Через четверть часа тройка влетела, мягко играя россыпью бубенчиков и шипя по песку
вокруг цветника шинами, на круглый двор обширной усадьбы, к перрону просторного нового
дома в два этажа. На перрон вышел взять вещи рослый слуга в полубачках, в красном с
черными полосами жилете и штиблетах. Студент сделал ловкий и невероятно широкий
прыжок из коляски: улыбаясь и раскачиваясь на ходу, на пороге вестибюля показалась тетя —
широкий чесучовый балахон на большом дряблом теле, крупное обвисшее лицо, нос якорем и
под коричневыми глазами желтые подпалины. Она родственно расцеловала его в щеки, он с
притворной радостью припал к ее мягкой темной руке, быстро подумав: целых три дня врать
вот так, а в свободное время не знать, что с собой делать! Притворно и поспешно отвечая на ее
притворно-заботливые расспросы о маме, он вошел за ней в большой вестибюль, с веселой
ненавистью взглянул на несколько сгорбленное чучело бурого медведя с блестящими
стеклянными глазами, косолапо стоявшего во весь рост у входа на широкую лестницу в
верхний этаж и услужливо державшего в когтистых передних лапах бронзовое блюдо для
визитных карточек, и вдруг даже приостановился от отрадного удивления: кресло с полным,
бледным, голубоглазым генералом ровно катила навстречу к нему высокая, статная красавица
в сером холстинковом платье, в белом переднике и белой косынке, с большими серыми
глазами, вся сияющая молодостью, крепостью, чистотой, блеском холеных рук, матовой
белизной лица. Целуя руку дяди, он успел взглянуть на необыкновенную стройность ее
платья, ног. Генерал пошутил:
— А вот это моя Антигона, моя добрая путеводительница, хотя я и не слеп, как Эдип, и
особенно на хорошеньких женщин. Познакомьтесь, молодые люди.
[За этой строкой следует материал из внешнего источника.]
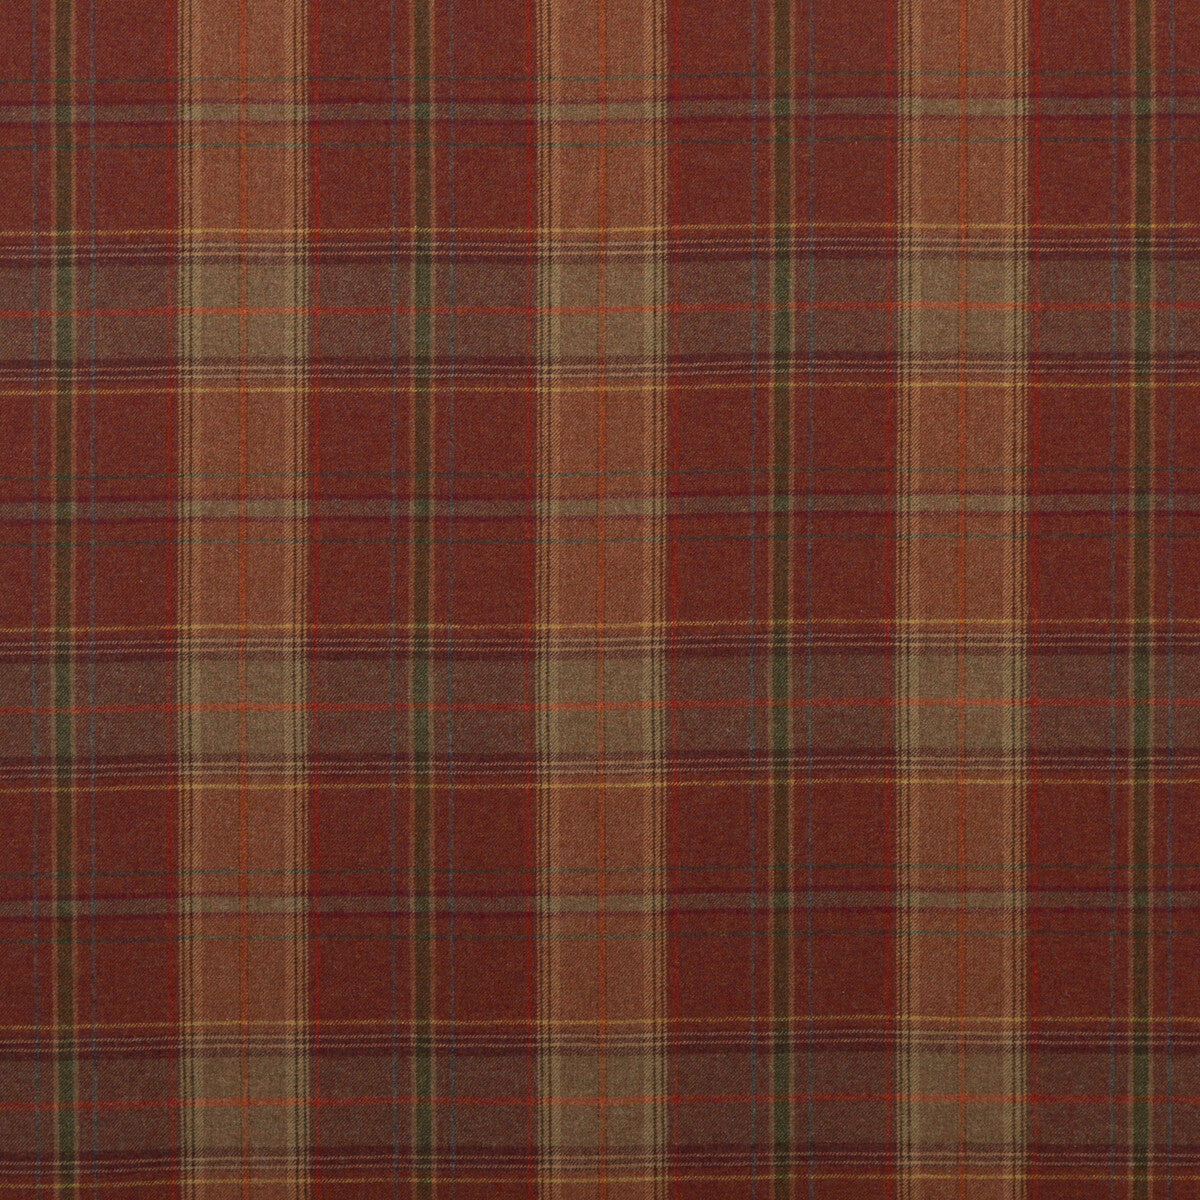 Shetland Plaid fabric in russet color - pattern FD344.V55.0 - by Mulberry in the Bohemian Romance collection

Она слегка улыбнулась, только поклоном ответила на поклон студента.
Рослый слуга в полубачках и в красном жилете провел его мимо медведя наверх, по
блестящей темно-желтым деревом лестнице с красным ковром посредине и по такому же
коридору, ввел в большую спальню с мраморной туалетной комнатой рядом — на этот раз в
какую-то другую, чем прежде, и окнами в парк, а не во двор. Но он шел, ничего не видя. В
голове все еще вертелась веселая чепуха, с которой он въехал в усадьбу, — «мой дядя самых
честных правил», — но стояло уже и другое: вот так женщина!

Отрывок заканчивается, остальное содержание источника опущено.